Ricerca Marina: Droni per studiare il soffio delle Balene

Nelle acque dell’Arcipelago Norvegese, dove la notte polare avvolge la natura in un abbraccio gelido che dura mesi interi, si muovono le balene, giganti e gentili creature la cui vita subacquea rappresenta una vera sfida per i ricercatori. Da qualche tempo, però, l’avvento dei droni sulla scena (anche) della ricerca scientifica ha permesso agli scienziati di svolgere i loro studi in modo più agevole ed efficiente, dando un forte impulso alla ricerca in ambito naturalistico.

Servendosi di modelli di drone facilmente reperibili sul mercato e a un costo contenuto, nonché equipaggiandoli con materiali comuni come galleggianti in schiuma colorata e capsule di Petri, i ricercatori hanno nel corso degli ultimi anni messo a punto una metodologia innovativa per rilevare dati di importanza cruciale sul conto delle balene. Si tratta di raccogliere ed analizzare quello che in gergo viene chiamato moccio di balena, ossia l’amalgama viscoso, composto da secrezioni respiratorie, che si trova all’interno del soffio di questi grandi cetacei.
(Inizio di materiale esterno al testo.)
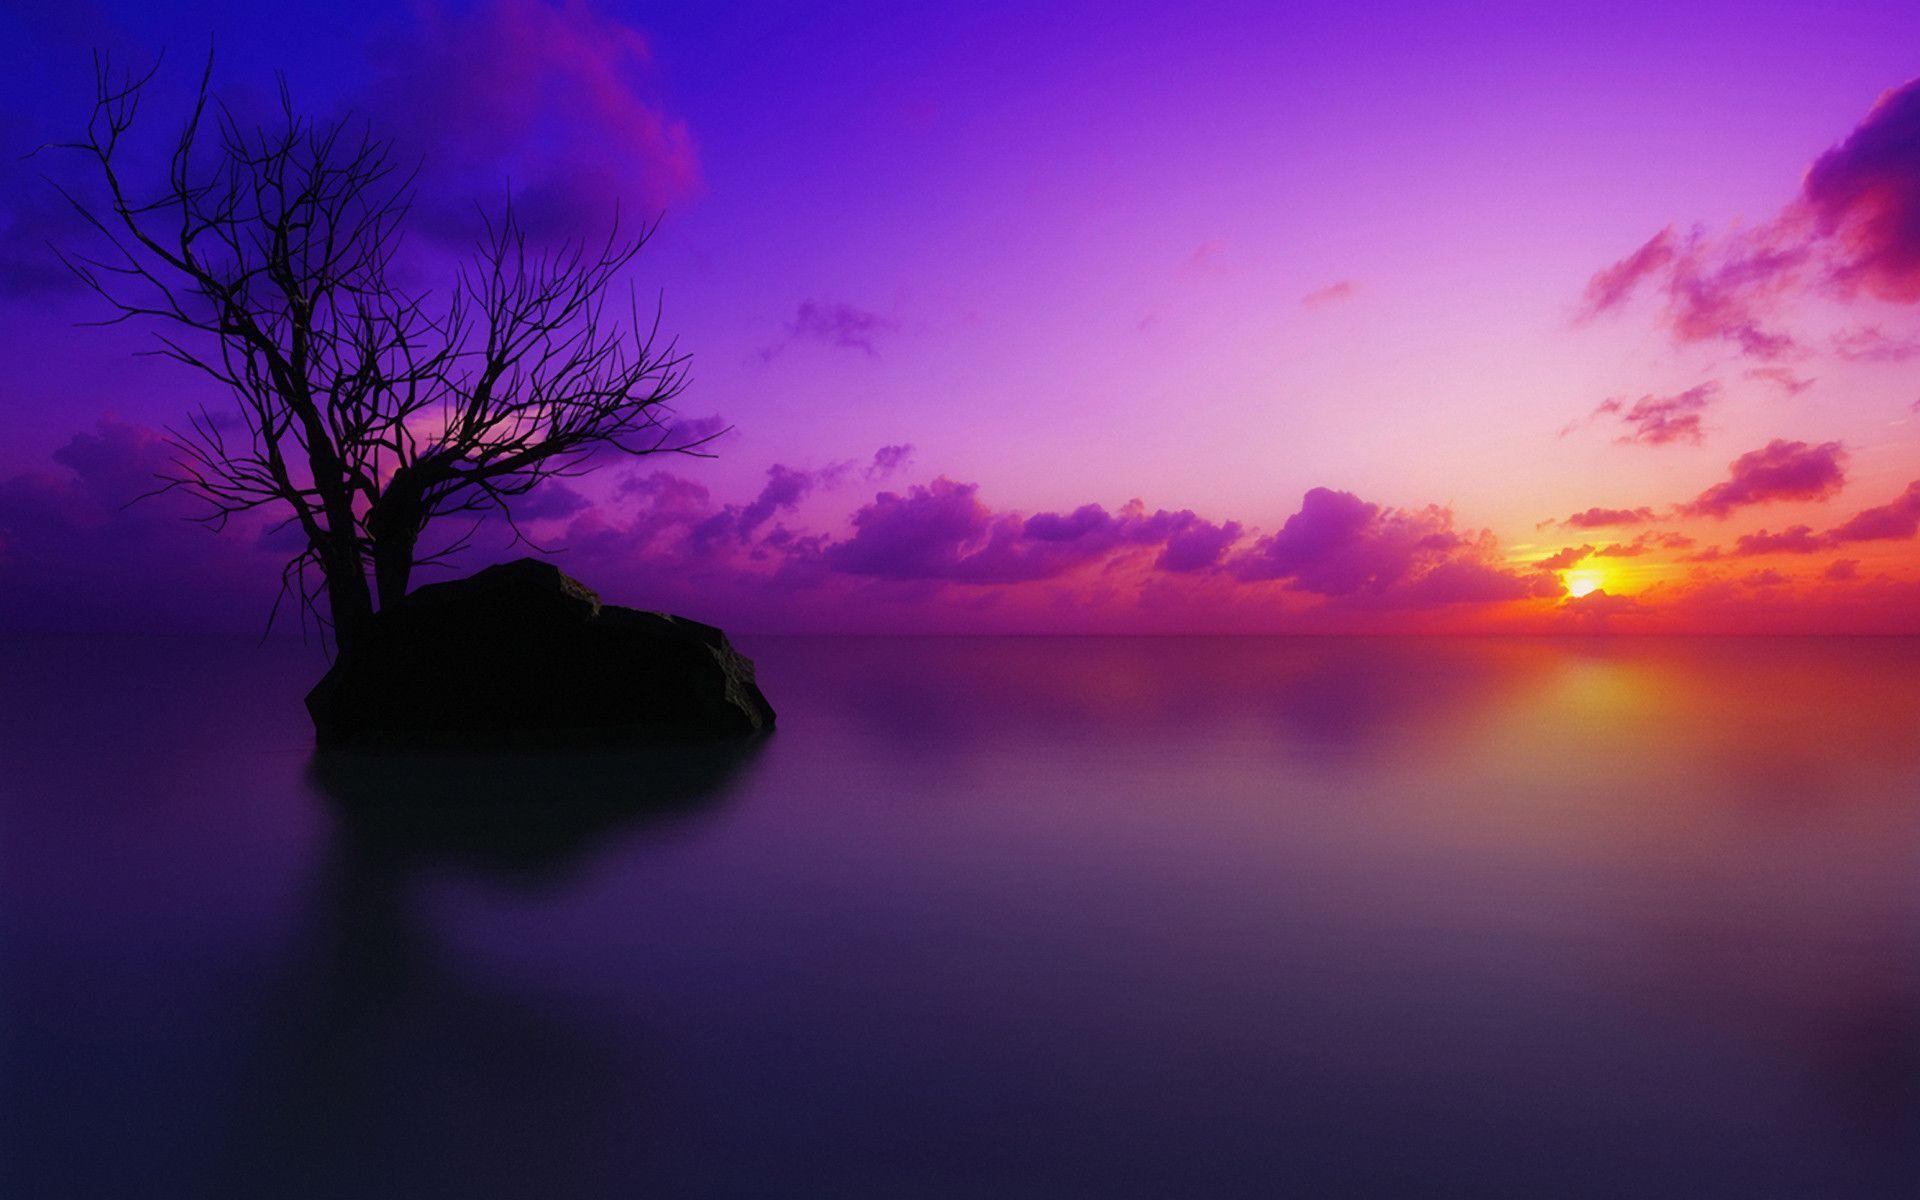 blue purple sky desktop wallpaper - photo #20

Non si tratta quindi di droni subacquei, ai quali verrebbe da pensare immaginando un lavoro avente a che fare con degli animali che vivono per la maggior parte del tempo sotto il pelo dell’acqua, bensì di comuni quadricotteri volanti.

La dottoressa Helena Costa e i suoi colleghi dell’Università Nord sono i pionieri di questa rivoluzione, con la quale i biologi marini possono riuscire a studiare le malattie infettive che minacciano le balenottere e altri cetacei migratori, come l’influenza e il morbillivirus. Il sistema di prelievo dei campioni offerto dai droni è meno invasivo rispetto ai metodi tradizionali e rappresenta un risparmio notevole per le ricerche.

Non solo, perché i droni permettono di lavorare anche in condizioni climatiche più ostili, che a quelle latitudini non sono certo eventi rarissimi. Ad esempio, come riporta il sito Earthisland.com, durante una missione svolta dal team della dottoressa Costa nel novembre 2021 nelle acque norvegesi, i ricercatori sono riusciti a raccogliere dati preziosi da gruppi di balenottere megattere in 16 voli dei 34 effettuati in totale, e questo nonostante raffiche di vento fino a 31 km/h e temperature che hanno raggiunto i -19°C.

Non si tratta solo di tenere sotto controllo la salute delle balene, perché, ad esempio, conoscere l’impatto dell’influenza aviaria del 2022 sui cetacei e monitorare il microbioma respiratorio lungo la loro migrazione porta a una conoscenza più approfondita e utile per tutelare queste creature nel panorama del cambiamento climatico, che mette sempre più a rischio i delicati equilibri di tutti gli ecosistemi. Forte dell’innovazione tecnologica e della dedizione per il futuro del pianeta, l’equipe di Costa cerca di garantire la salvaguardia delle specie artiche, perché la loro perdita significherebbe un danno irreparabile per la ricchezza e la biodiversità globale.

La stessa Costa ha proseguito la sperimentazione dei droni per il monitoraggio della salute dei cetacei in altre aree dell’Oceano Atlantico come l’Islanda e Capo Verde. Il metodo si sta diffondendo, adottato da ricercatori che hanno partecipato allo studio pilota e lo stanno applicando a loro progetti in Irlanda e nelle Isole Pitcairn.